After all, people somehow came up with English quotation rules that were like, “Let’s put in commas that are totally redundant with quote marks, and capitalize the first word of the quotation, and put the ending comma inside quotes even though that comma isn’t being quoted but rather is part of the punctuation of the outer sentence,” instead of being principled. Compared to that, using colon is dramatically more rational.

I do wish, however, that I understood what it felt like to like :, rather than to constantly find it slightly jarring. (The synchronized: thing feels okay. But synchronized... does too. So…still puzzled.)

6 Likes

Could you share some more examples that doesn’t use -Yindent-colons?

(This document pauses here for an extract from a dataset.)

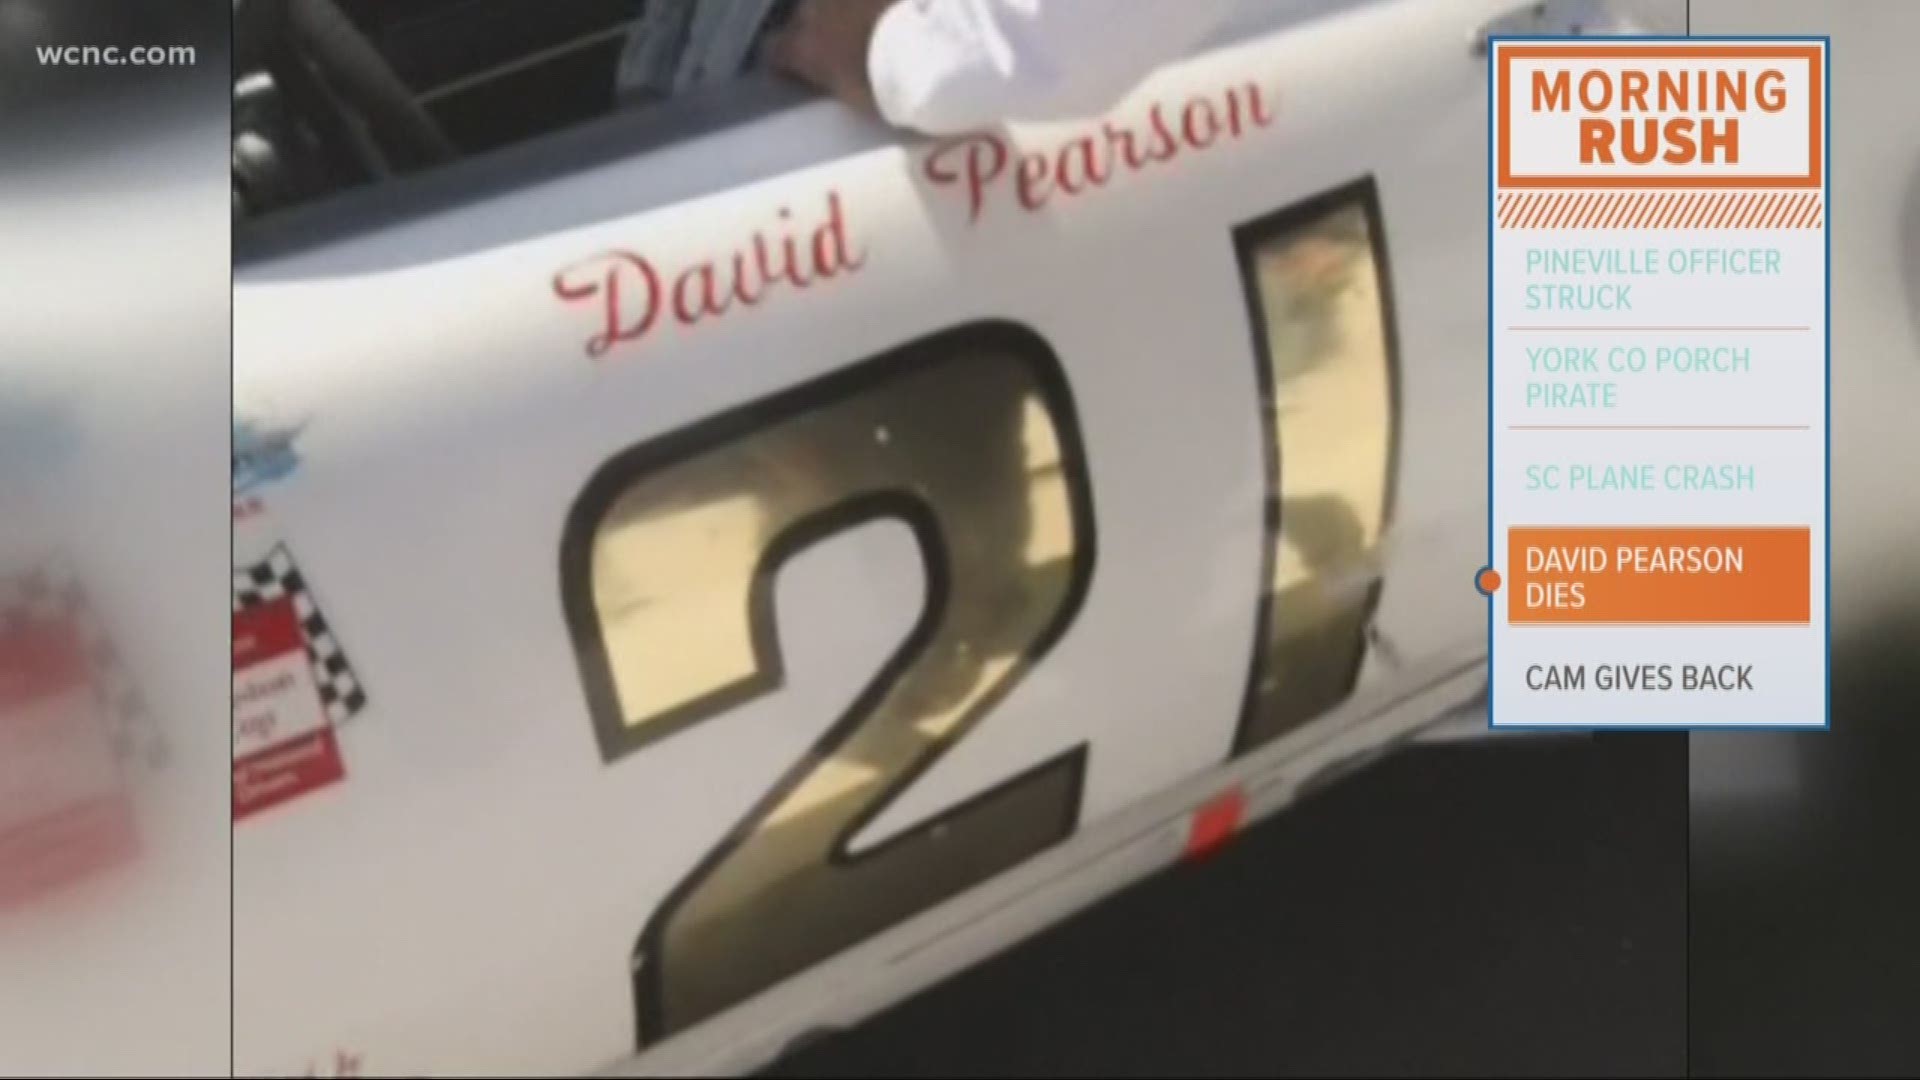 NASCAR Hall of Fame driver David Pearson passed away at his home at the age of 83. During his career, Pearson ranks second in all-time wins at NASCAR's top level with 105 victories.

I was under the impression that -Yindent-colons was a separate issue. I’m very critical of it, I’m not sure one more way to pass arguments to methods/functions will make the language simpler, more powerful, more approachable or better in any way. Having : mean “apply the following indented block of code to this method” is not obvious or intuitive to me in any way, and it doesn’t align with any other language either.

I’ve shared why I think using : in template definitions hurts readability, I think using it in expressions is even worse for readability.

I again, feel like that this thread would have been much more efficient if we actually had some common problem definition, because in the case of -Yindent-colons, I don’t understand at all what problem it solves. I don’t think it should influence the rest, which is more clear.

I really want to address this in particular. People coming from Scala 2 will have to learn the new syntax. I doubt with will be that much less natural than :. Function arguments to me is a completely different issue, and has absolutely nothing to do with template definitions.

At some point one has to take a step back and consider what one would do if this was a new language. The only reason we are coupling these very different things together is that Scala 2 uses braces for them. That’s where the similarities end. I really think a different solution should be used for block arguments regardless of what the syntax is for template definitions.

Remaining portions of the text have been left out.